A retail traffic counter can help business owners create affordable yet effective advertising through different advertising channels. A traffic counter system will help them choose marketing that best fits their needs in order to reach their marketing goals. This media mix may include event marketing, social media marketing, cause marketing and in-store discounts.
To ensure that the retail business has a feasible budget and that it is making good use of the funds they have allocated for advertising, they can use their retail traffic counting system to analyze the outcome of their advertising spending through the following methods:
* Ecommerce Comparison
Those with brick and mortar business with ecommerce options can compare their in-store traffic with their website traffic while running different promotions on each and see which channel made created the most sales. They can then assess the collected data and find out how they are related and determine how successful the advertising campaigns were.
* Performance Period
Retailers can easily determine the efficiency of their marketing campaigns by monitoring the traffic during the day/week of the campaign and evaluate the increase or decrease of shoppers in their store.
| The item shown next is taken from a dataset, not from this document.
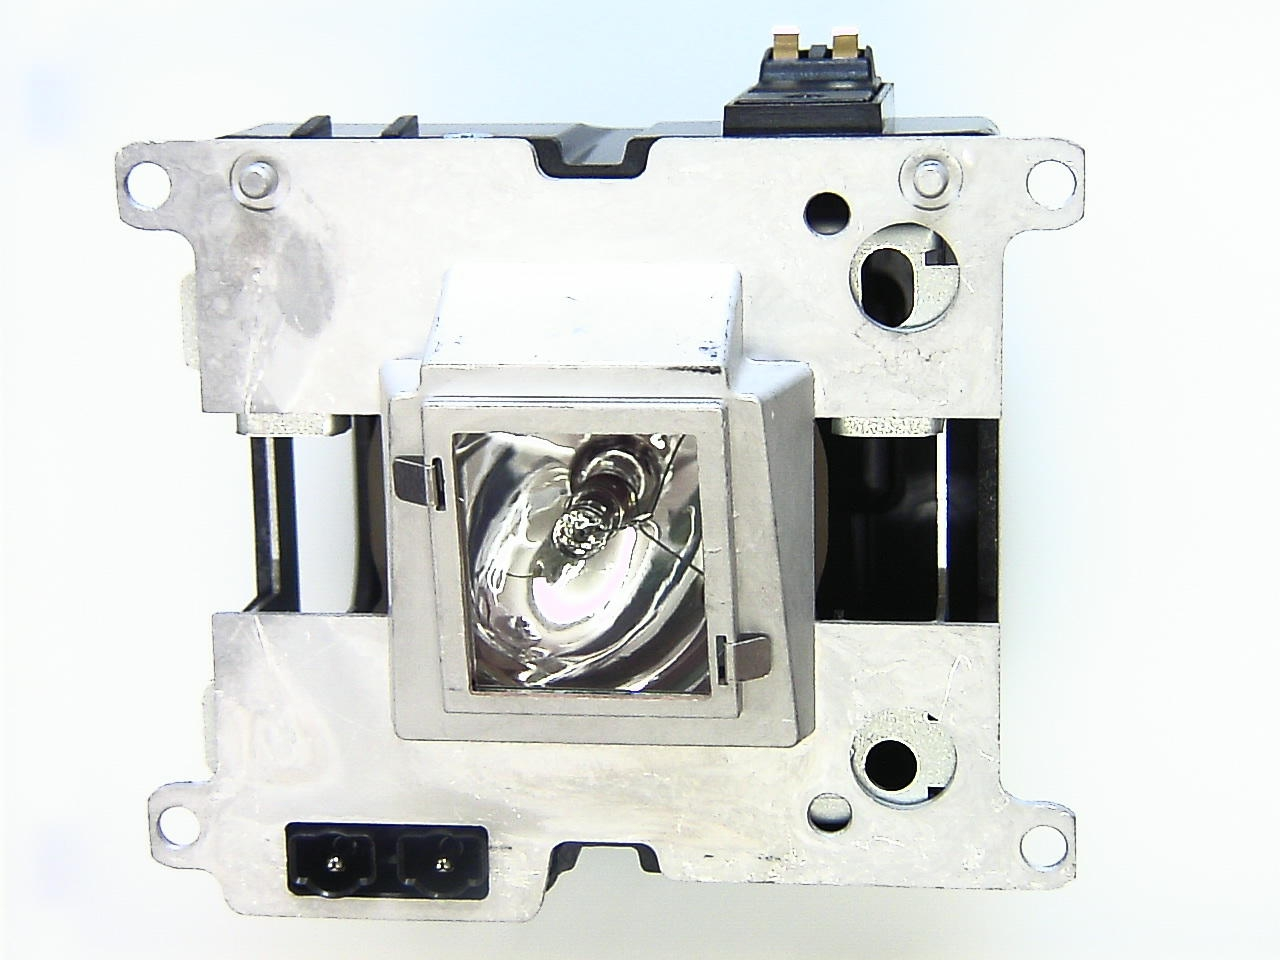 Original Dual Lámpara For DIGITAL PROJECTION MORPHEUS 8000HDI Proyector.

By comparing the collected number on the day/week of the promotion to the store’s average traffic the owner can then determine whether or not they have matched their projected increase in sales and if the money spent offered a good return on investment.
* Effectiveness
To measure the effectiveness of the advertising or promotions, owners can review the data of the number of people who actually came to their location with a certain discount coupon in hand. When a retail traffic counter is tied directly into your point of sale system, you will accurately see which campaigns have functioned and which have not offered a good return on investment.